One Voice From the AIDS Generation

by Christopher Zyda

Pub Date: Nov. 10th, 2020
ISBN: 978-1-64428-168-0
Publisher: Rare Bird Books

A gay man chronicles his experiences with the devastating AIDS epidemic.

Los Angeles native Zyda was in his 20s when hints of the impending crisis began emerging, which coincided with his decision to come out to his UCLA fraternity brothers. While working for a local newspaper during college, life became complicated by a “sketchy and terrifying” virus that was making its way through the gay community. Soon, he writes, around 1983, “people simply just disappeared.” Young and vulnerable, Zyda was petrified of the infectious “gay cancer” looming over his newfound community. But when he met Yale Law graduate Stephen at a West Hollywood gym, their whirlwind romance blossomed briskly despite a 12-year age difference and Stephen’s conservative political leanings.

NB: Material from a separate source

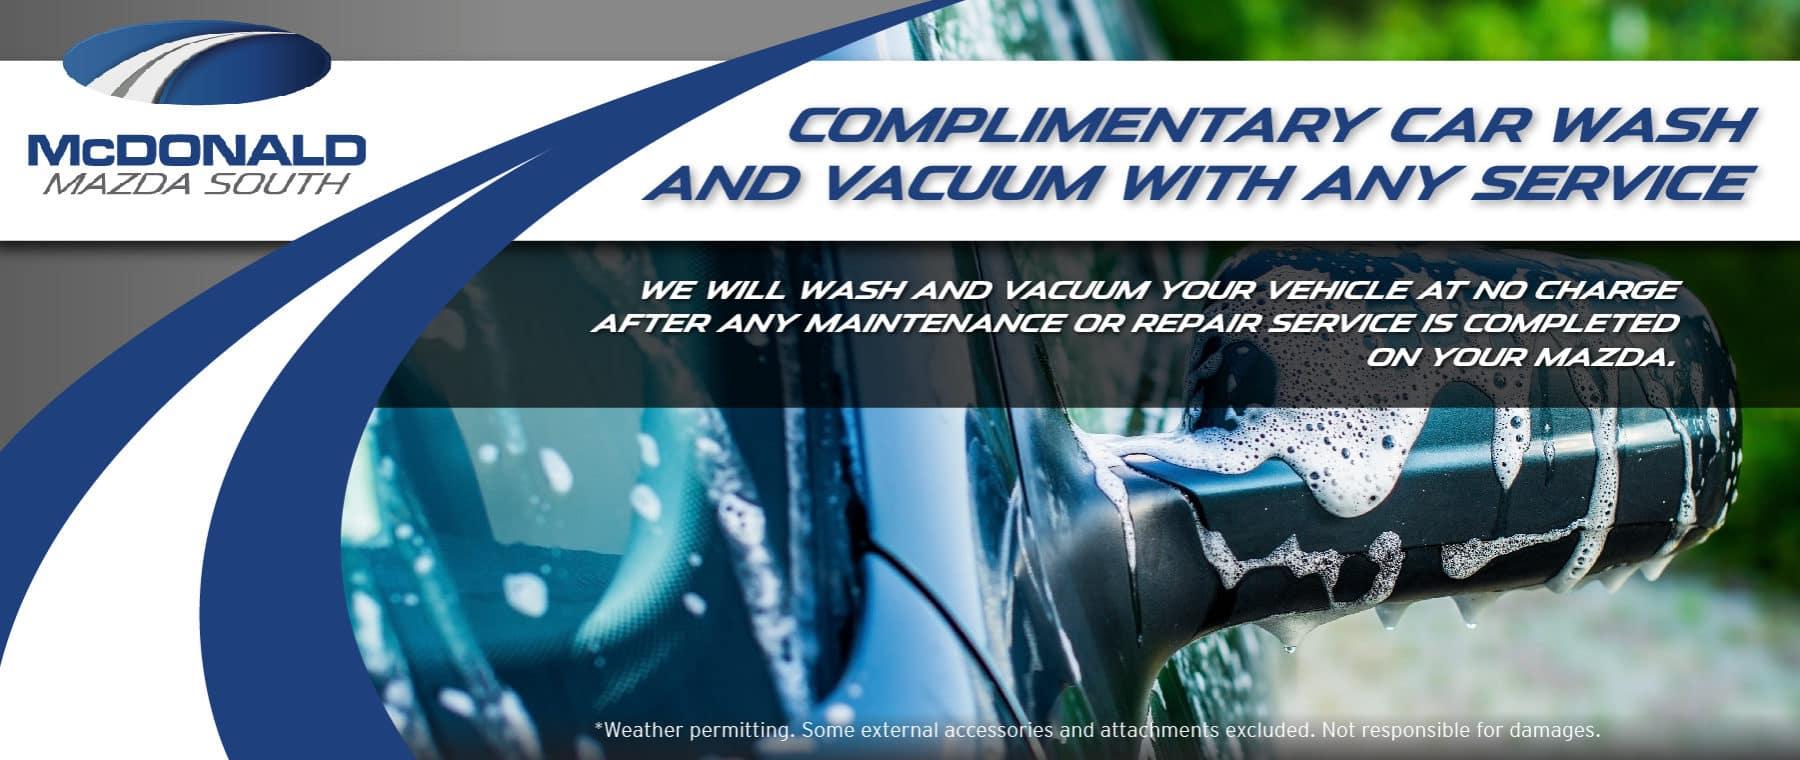 Wash and Vacuum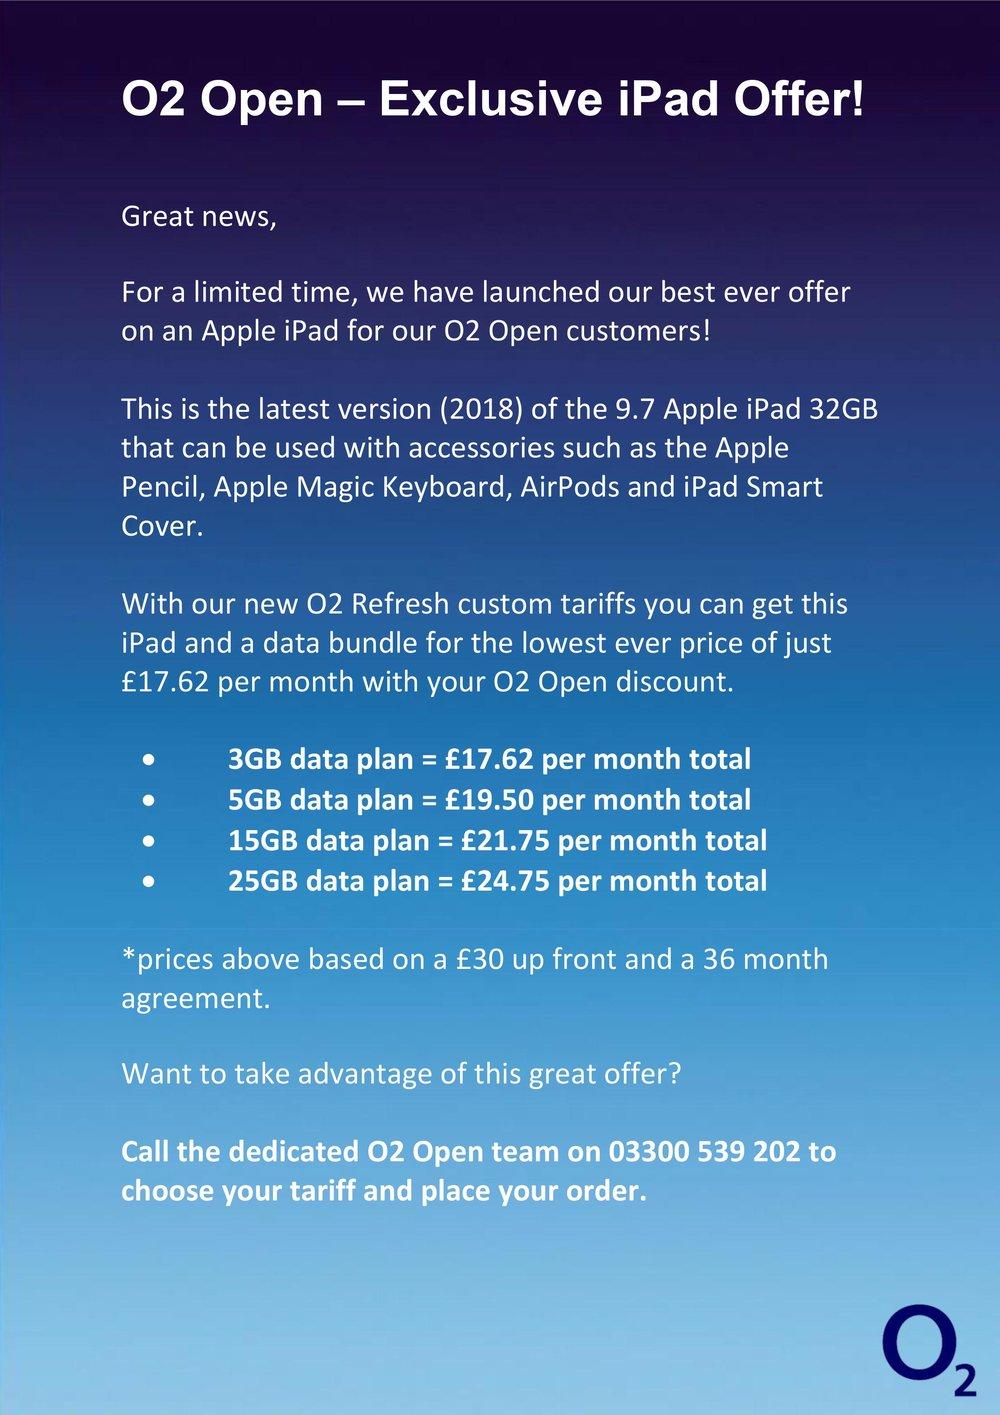 O2 Open iPad Offer Oct 2018.jpg

Woven throughout the narrative are generous details about the author’s family history and a youth spent gravitating toward a beloved, now-deceased lesbian sister who acted as a second mother. Zyda effectively sets his personal story against the backdrop of 1980s-era homophobic discrimination, experimental AIDS therapies, and precarious social, political, and clinical climates across LGBTQ+ communities. He conjures an authentic vibe for a pivotal era during which he established himself as both an out gay man and a brave, compassionate partner, particularly when Stephen’s health waned with a harrowing barrage of AIDS-related infections at age 35. Along with crushing statistical data, the author paints these personal scenes with palpable devastation, recalling the heartbreaking reality of his bedside vigil with Stephen and the alarming horror that he may have contracted the virus himself. Zyda’s deft navigation of the “AIDS Vortex of Insanity” makes the text an emotionally charged account well-suited for readers who may have survived that fraught period themselves. It’s also a moving, informative, and ultimately uplifting narrative for younger LGBTQ+ readers yearning to understand the magnitude of the AIDS epidemic.

Searing and empowering reflections from a dark, defining era in LGBTQ+ history.